» **Supplied material**:
§
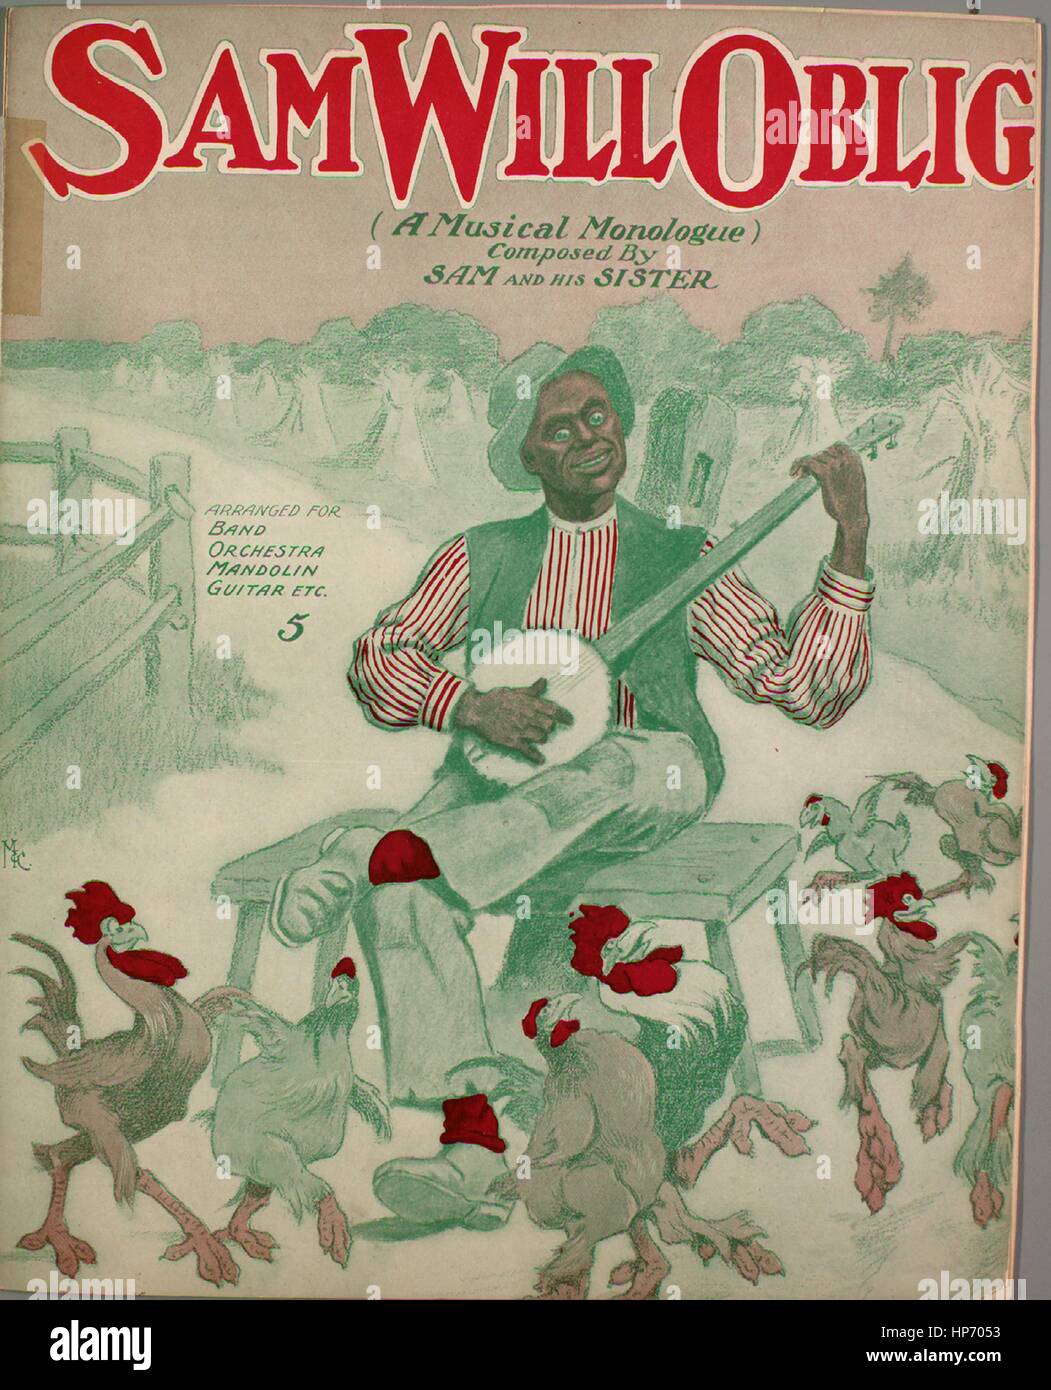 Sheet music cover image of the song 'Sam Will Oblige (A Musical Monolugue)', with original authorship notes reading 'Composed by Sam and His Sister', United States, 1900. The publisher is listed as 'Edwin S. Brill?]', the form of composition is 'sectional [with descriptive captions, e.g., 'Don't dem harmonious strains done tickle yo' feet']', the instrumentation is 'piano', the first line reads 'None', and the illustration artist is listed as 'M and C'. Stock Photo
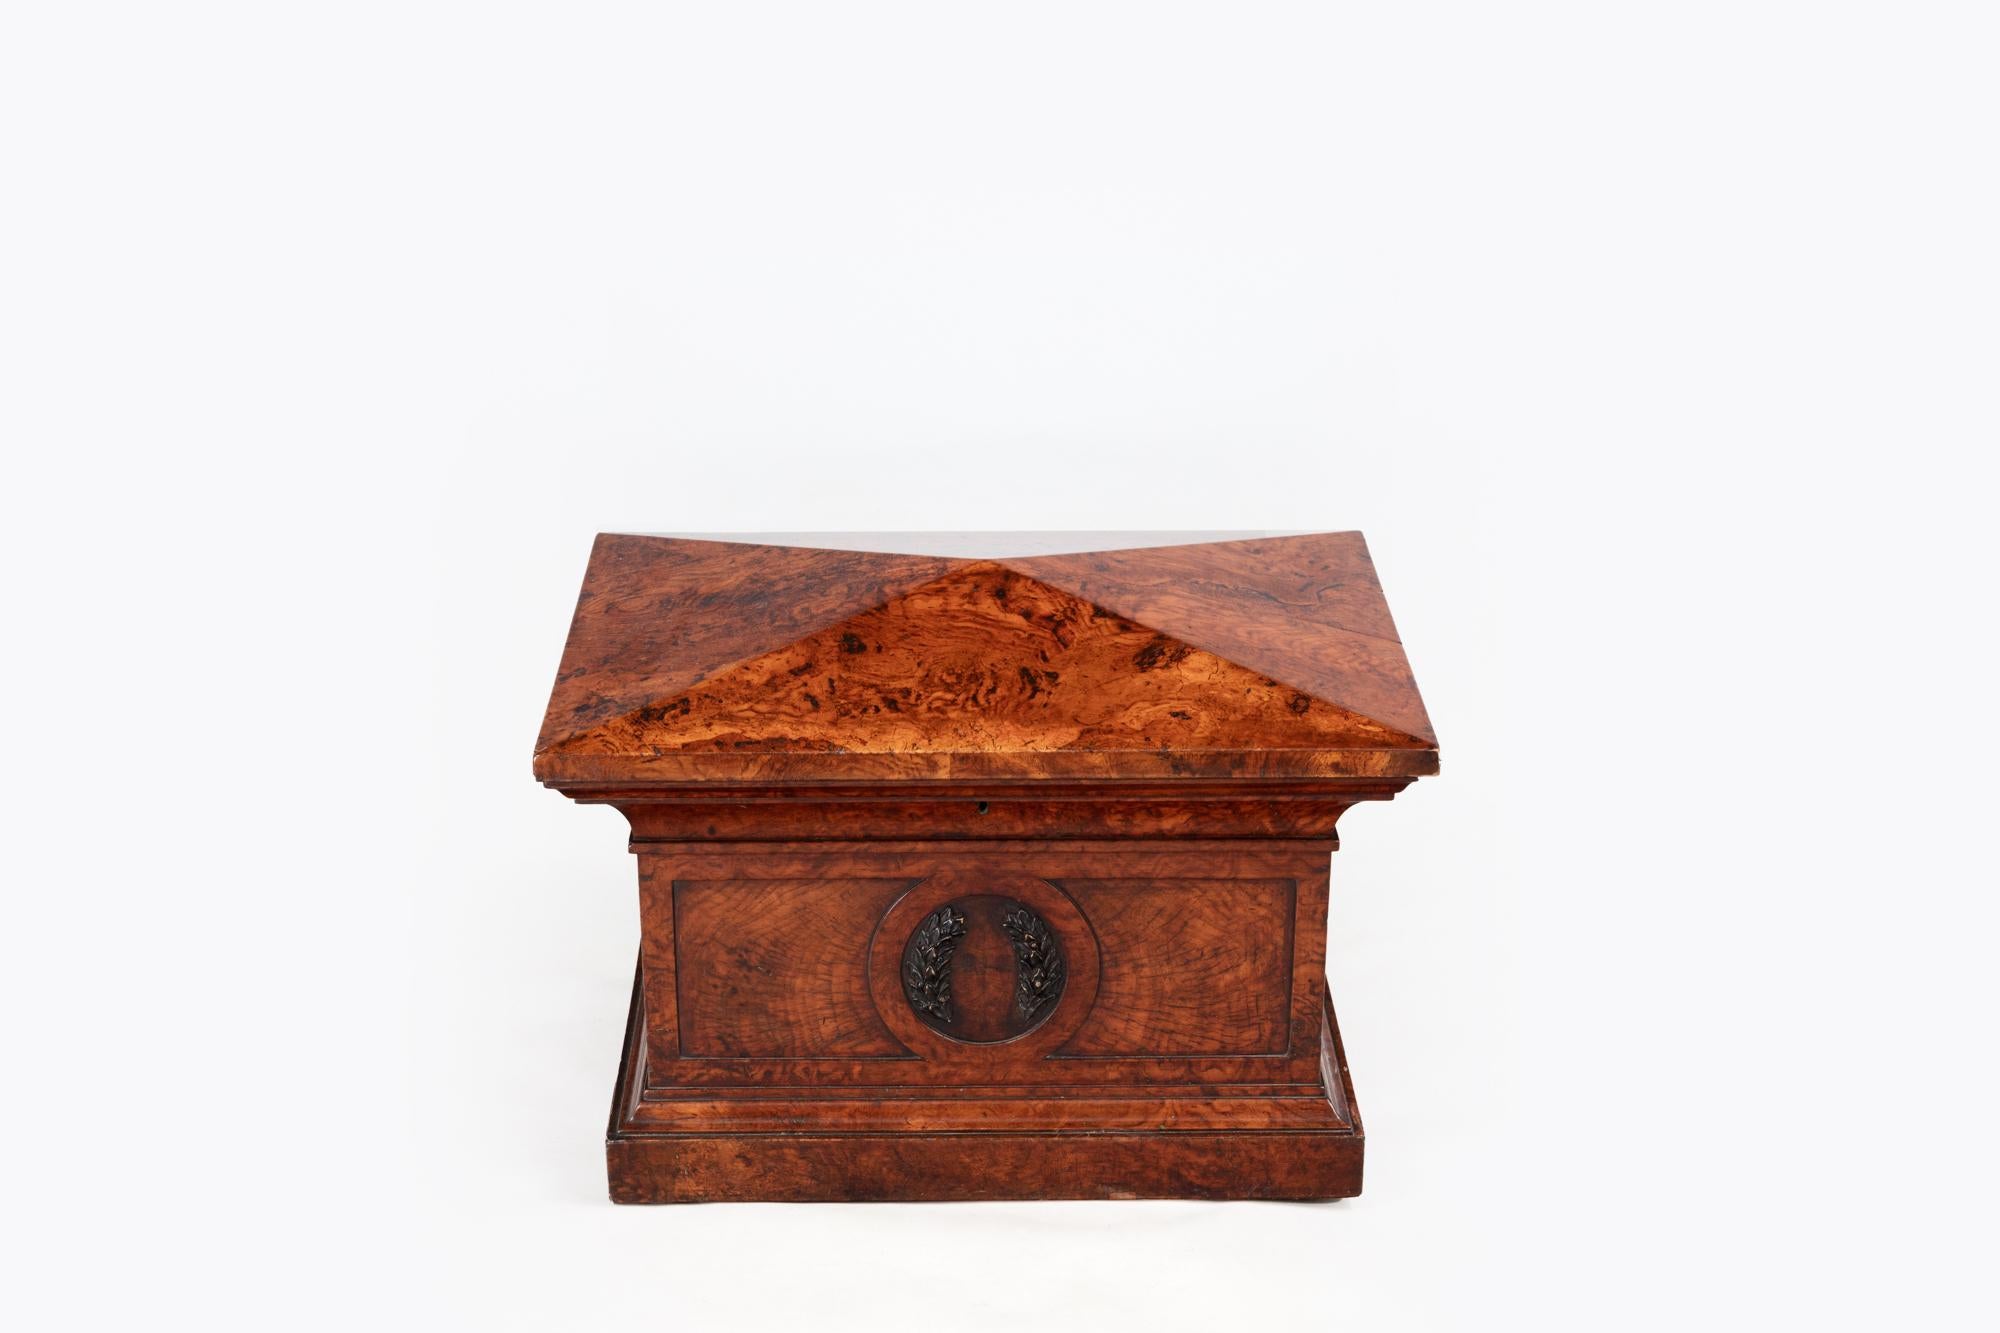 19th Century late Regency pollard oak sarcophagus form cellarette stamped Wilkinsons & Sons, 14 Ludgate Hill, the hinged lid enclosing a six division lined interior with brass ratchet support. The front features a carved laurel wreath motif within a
§
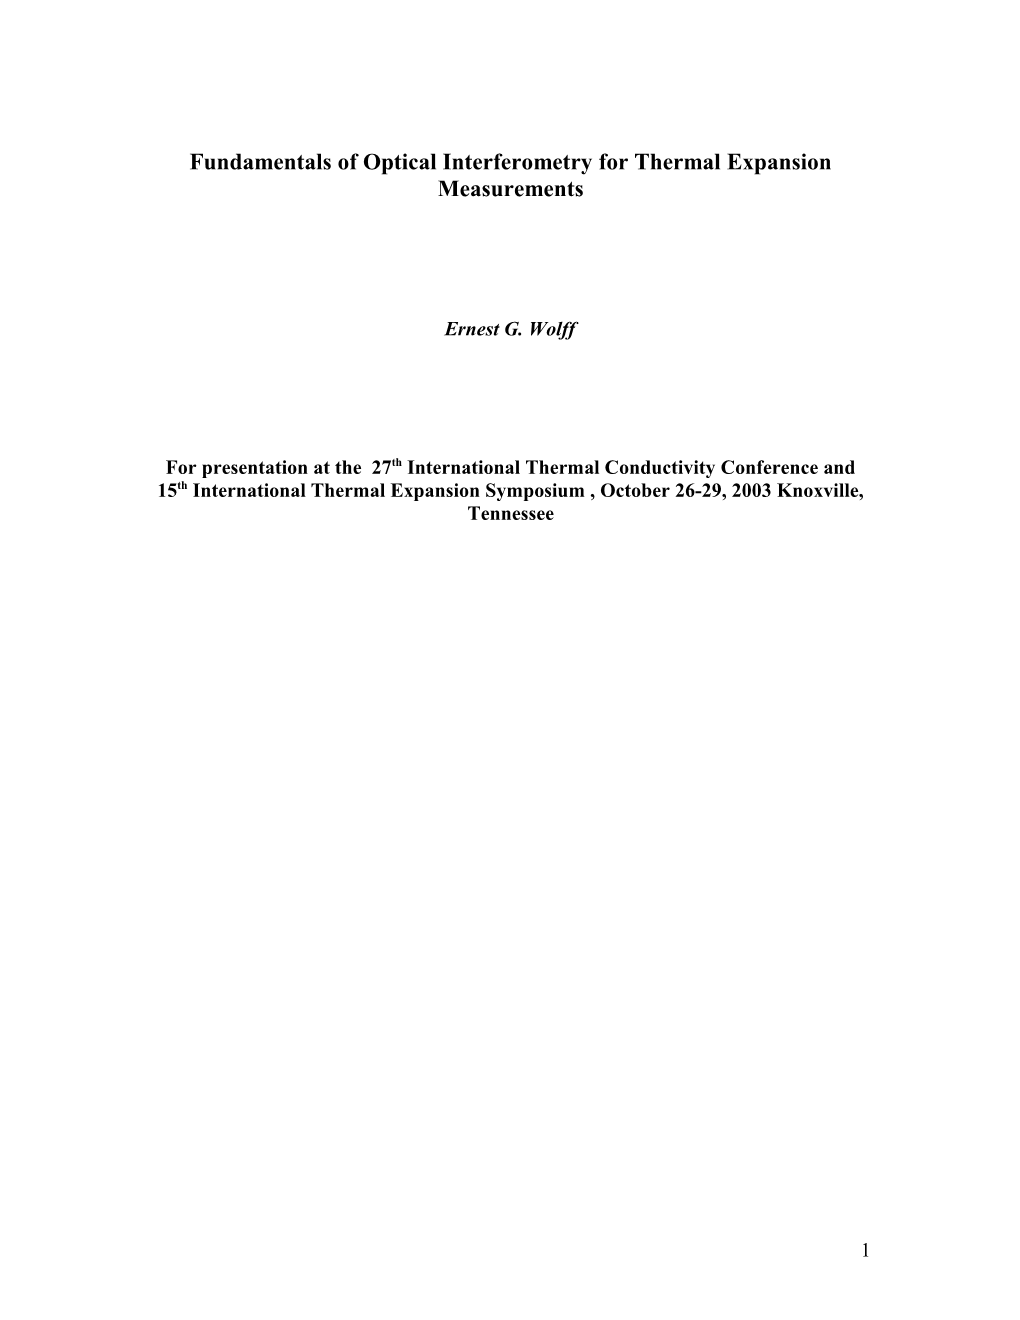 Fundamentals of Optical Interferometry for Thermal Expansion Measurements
§
» **Task directions**: Only the lines above from the one with "Sheet music cover" to the one with "19th Century late" should be printed, both included and exactly as written; no picture belongs in the copy.

» **Written reply**:
 Sheet music cover image of the song 'Sam Will Oblige (A Musical Monolugue)', with original authorship notes reading 'Composed by Sam and His Sister', United States, 1900. The publisher is listed as 'Edwin S. Brill?]', the form of composition is 'sectional [with descriptive captions, e.g., 'Don't dem harmonious strains done tickle yo' feet']', the instrumentation is 'piano', the first line reads 'None', and the illustration artist is listed as 'M and C'. Stock Photo
 19th Century late Regency pollard oak sarcophagus form cellarette stamped Wilkinsons & Sons, 14 Ludgate Hill, the hinged lid enclosing a six division lined interior with brass ratchet support. The front features a carved laurel wreath motif within a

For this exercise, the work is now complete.